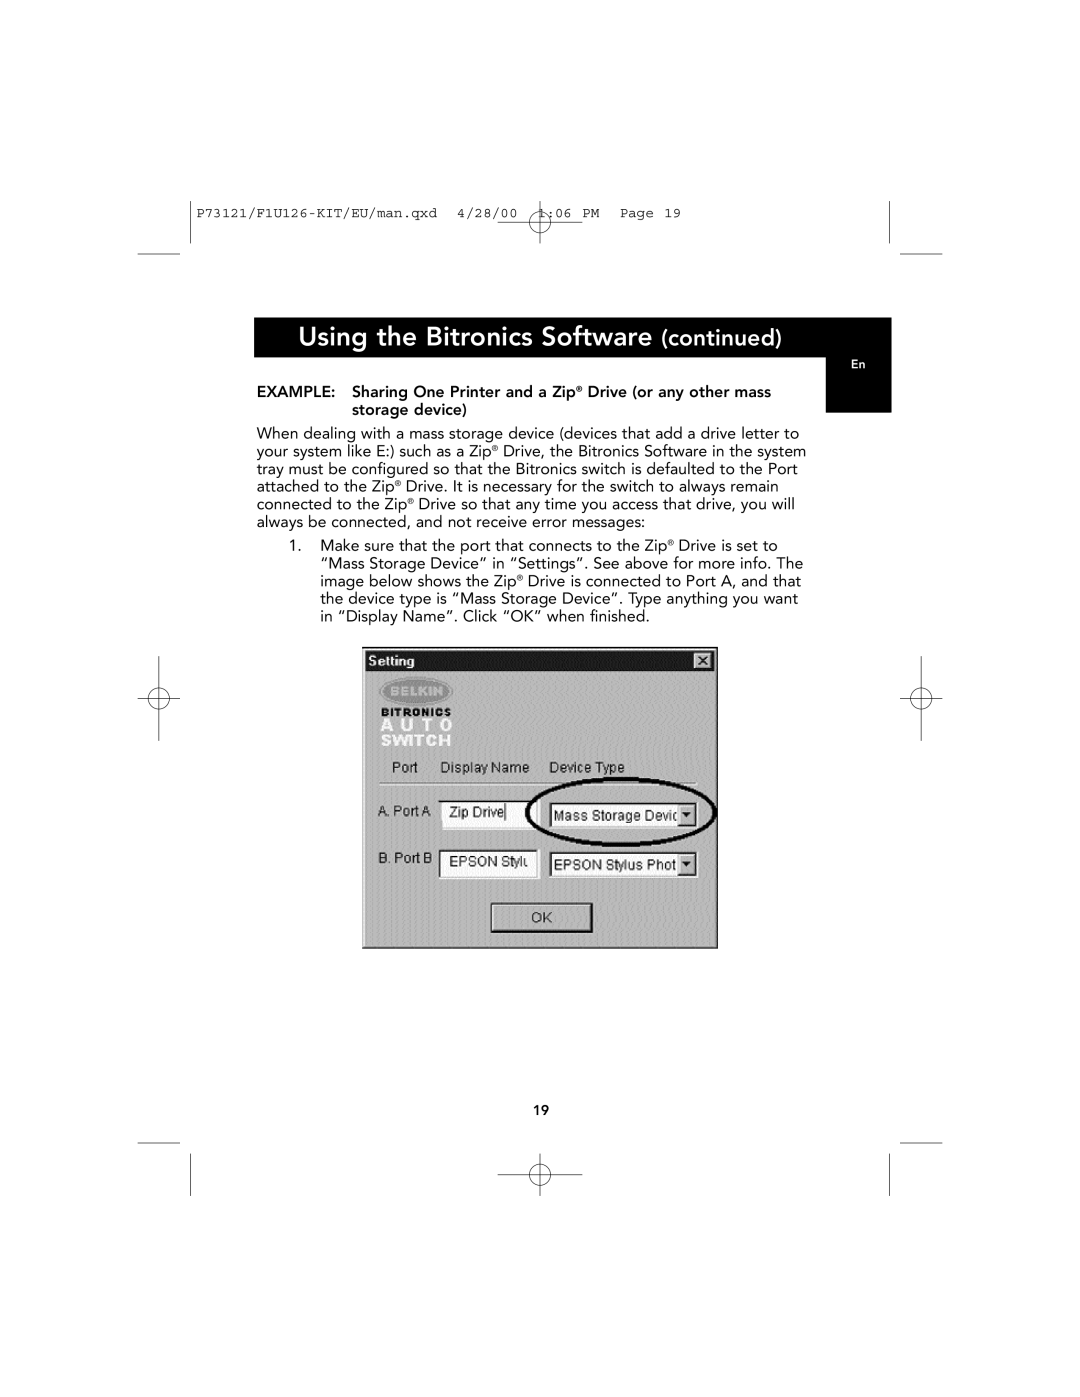 Belkin F1U126-KIT, P73121 user manual Using the Bitronics Software continued 
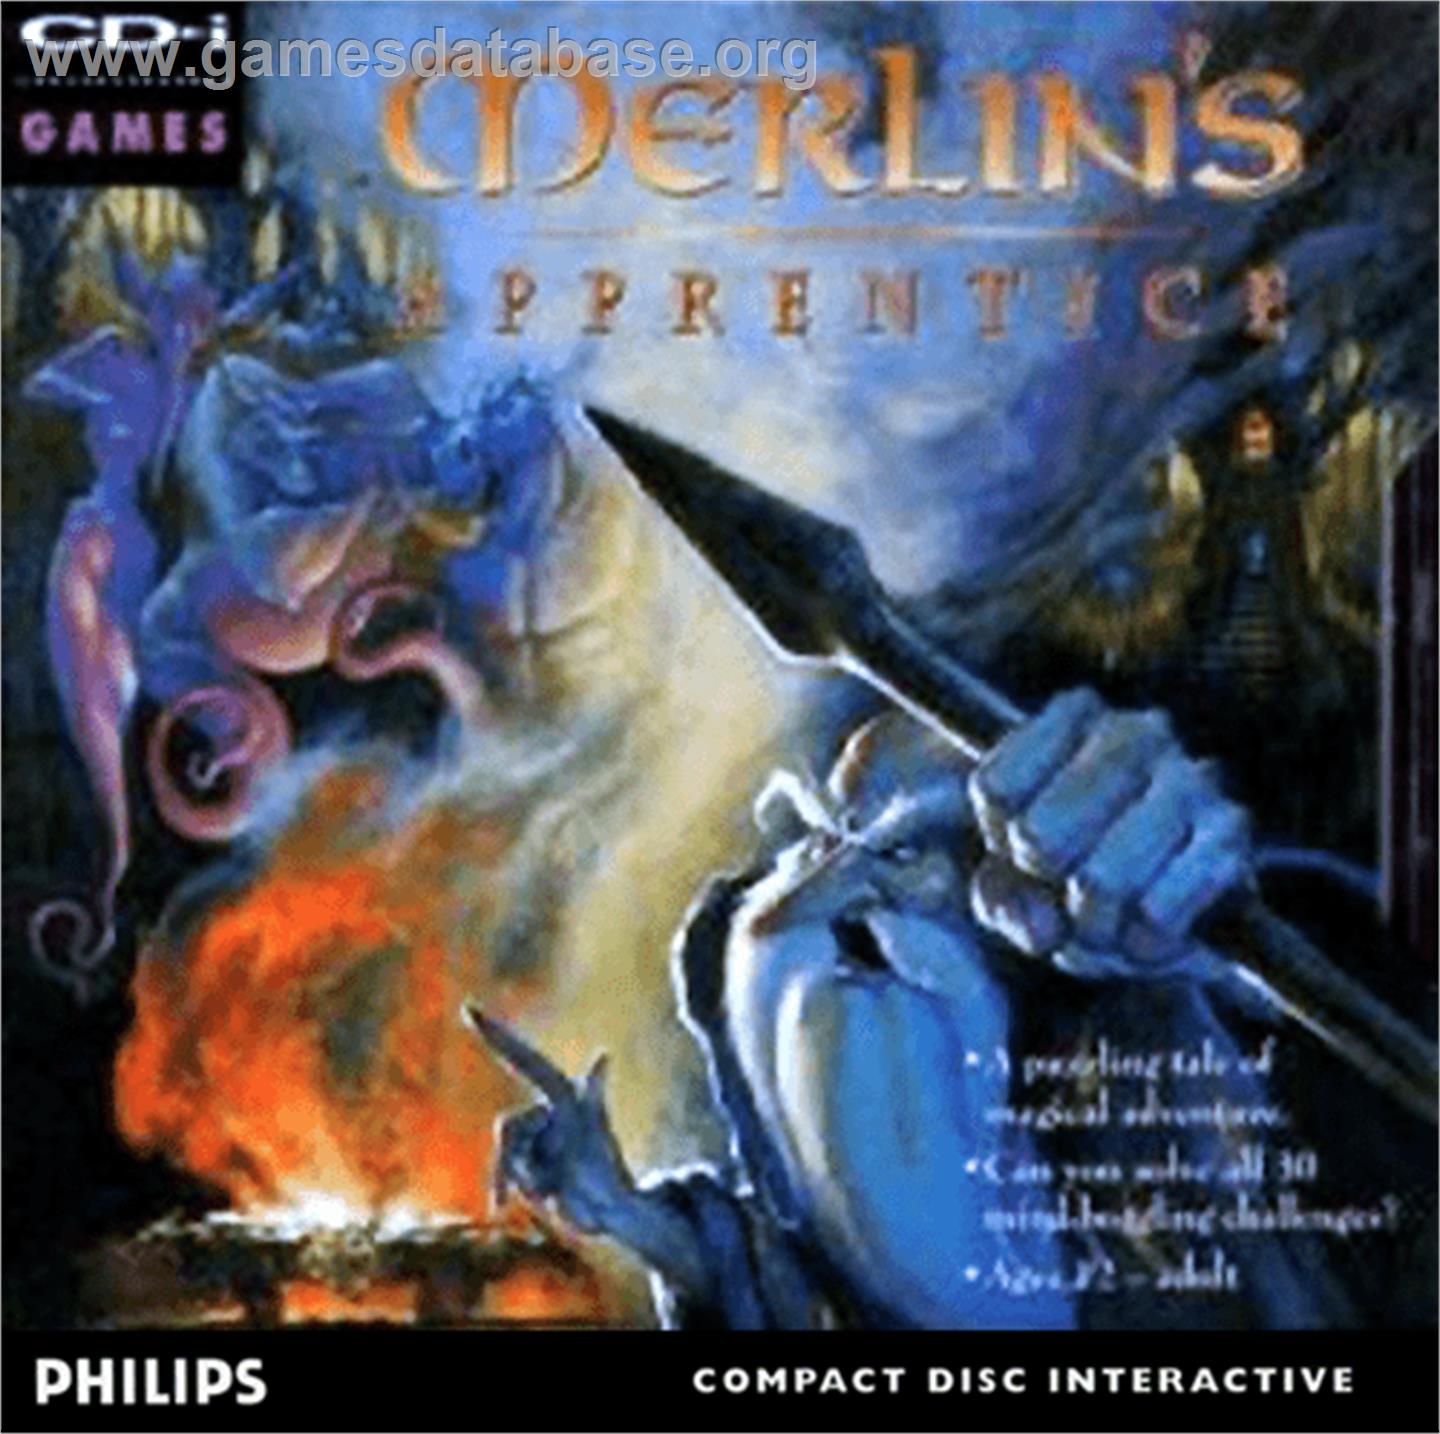 Merlin's Apprentice - Philips CD-i - Artwork - Box
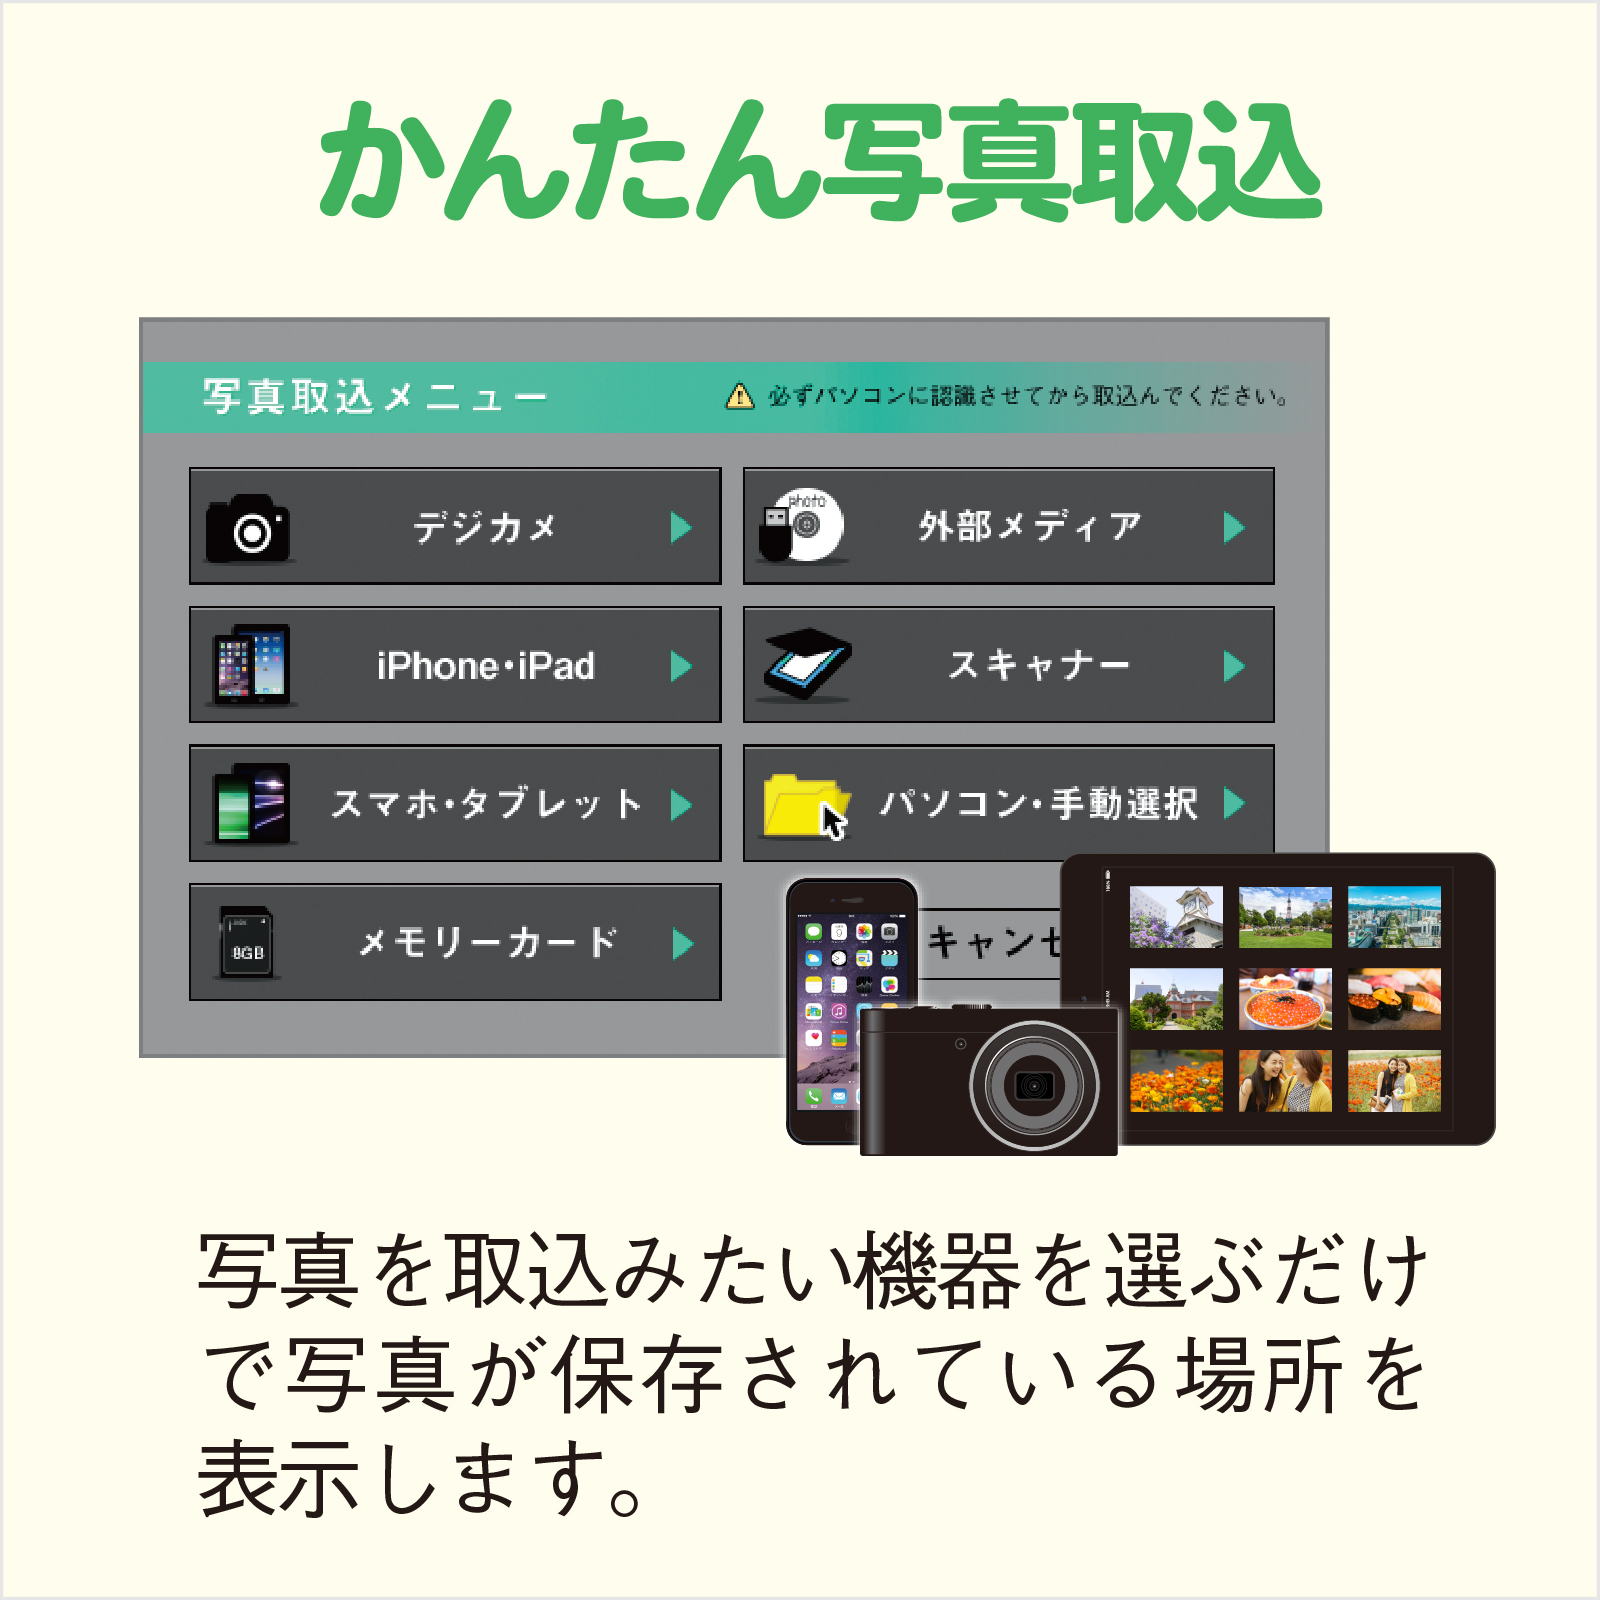  digital camera * smartphone photograph control ECO package version 
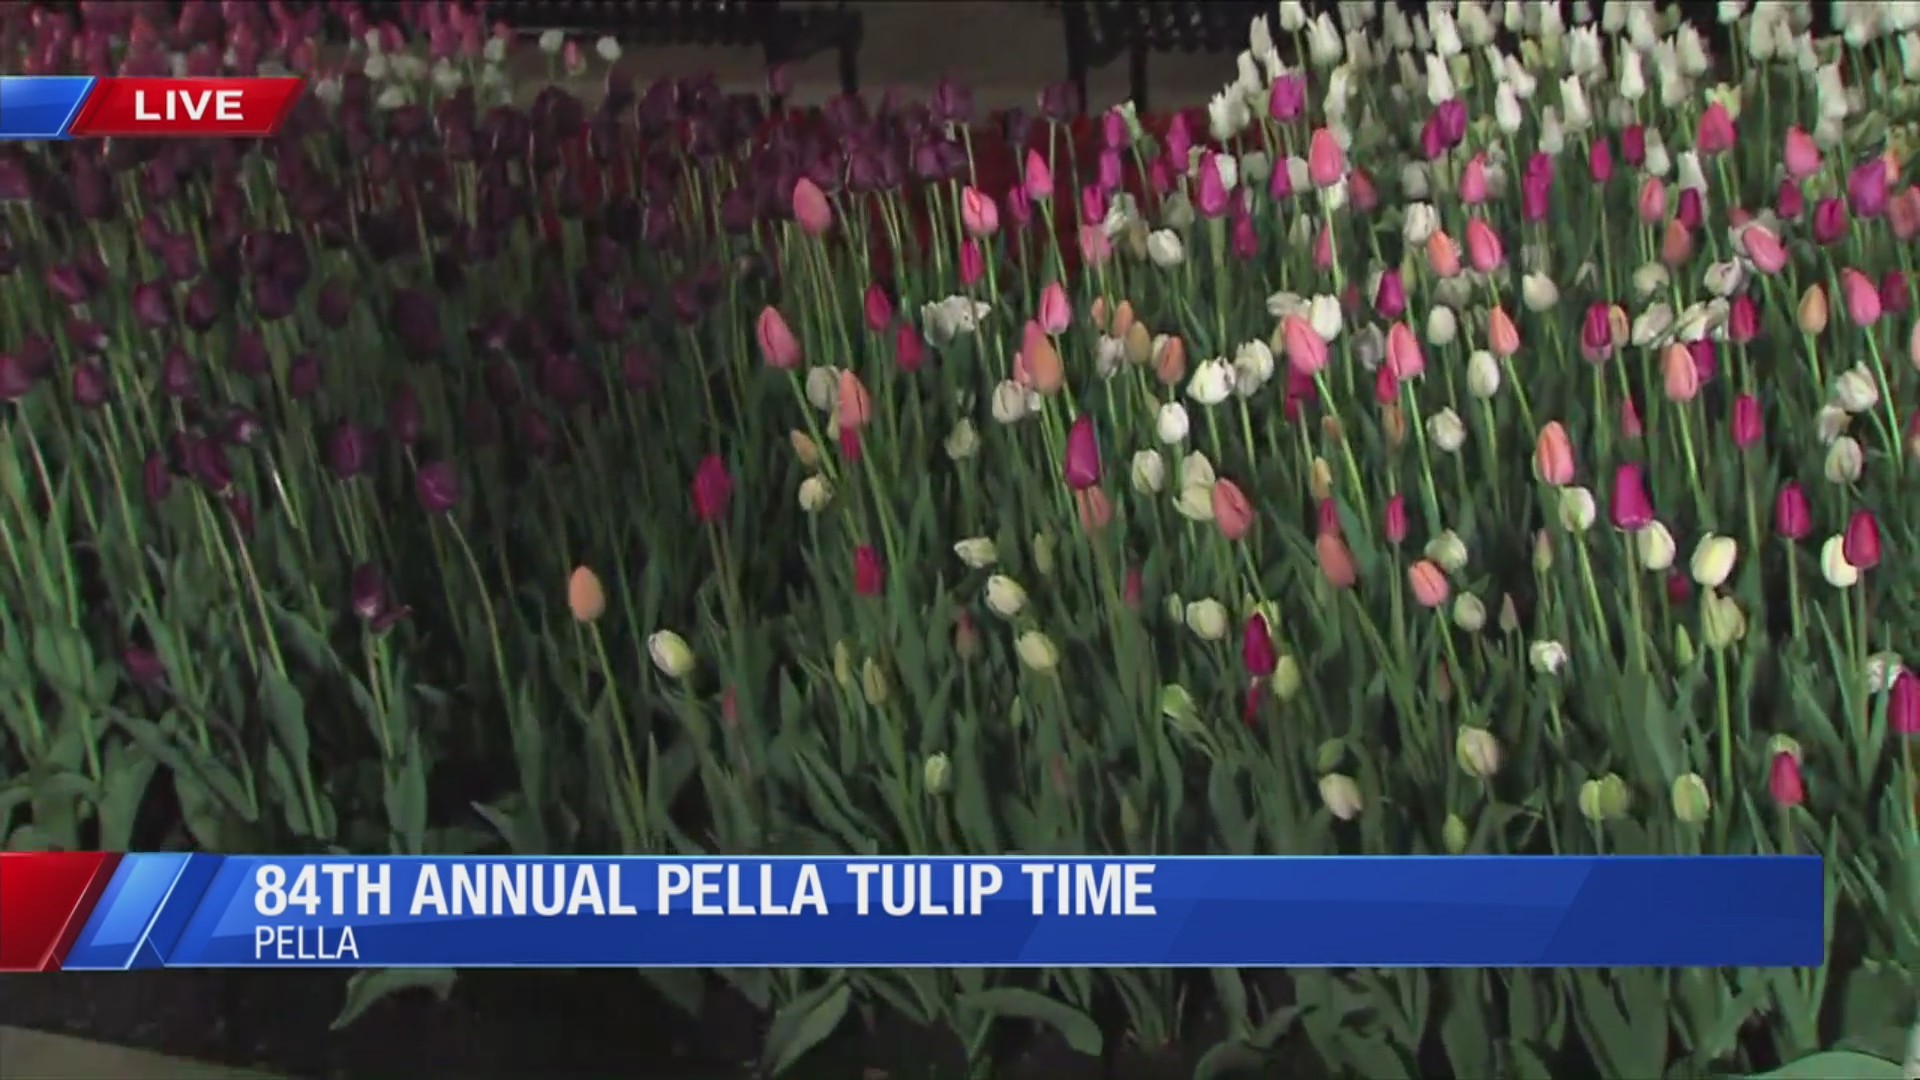 Pella Tulip Time 2019 kicks off today
..........
Activity
Write out the listing above again, exactly, but with no pictures in the copy.

Result of the task
 Belkin F1U126-KIT, P73121 user manual Using the Bitronics Software continued 
 Merlin's Apprentice - Philips CD-i - Artwork - Box
  digital camera * smartphone photograph control ECO package version 
 Pella Tulip Time 2019 kicks off today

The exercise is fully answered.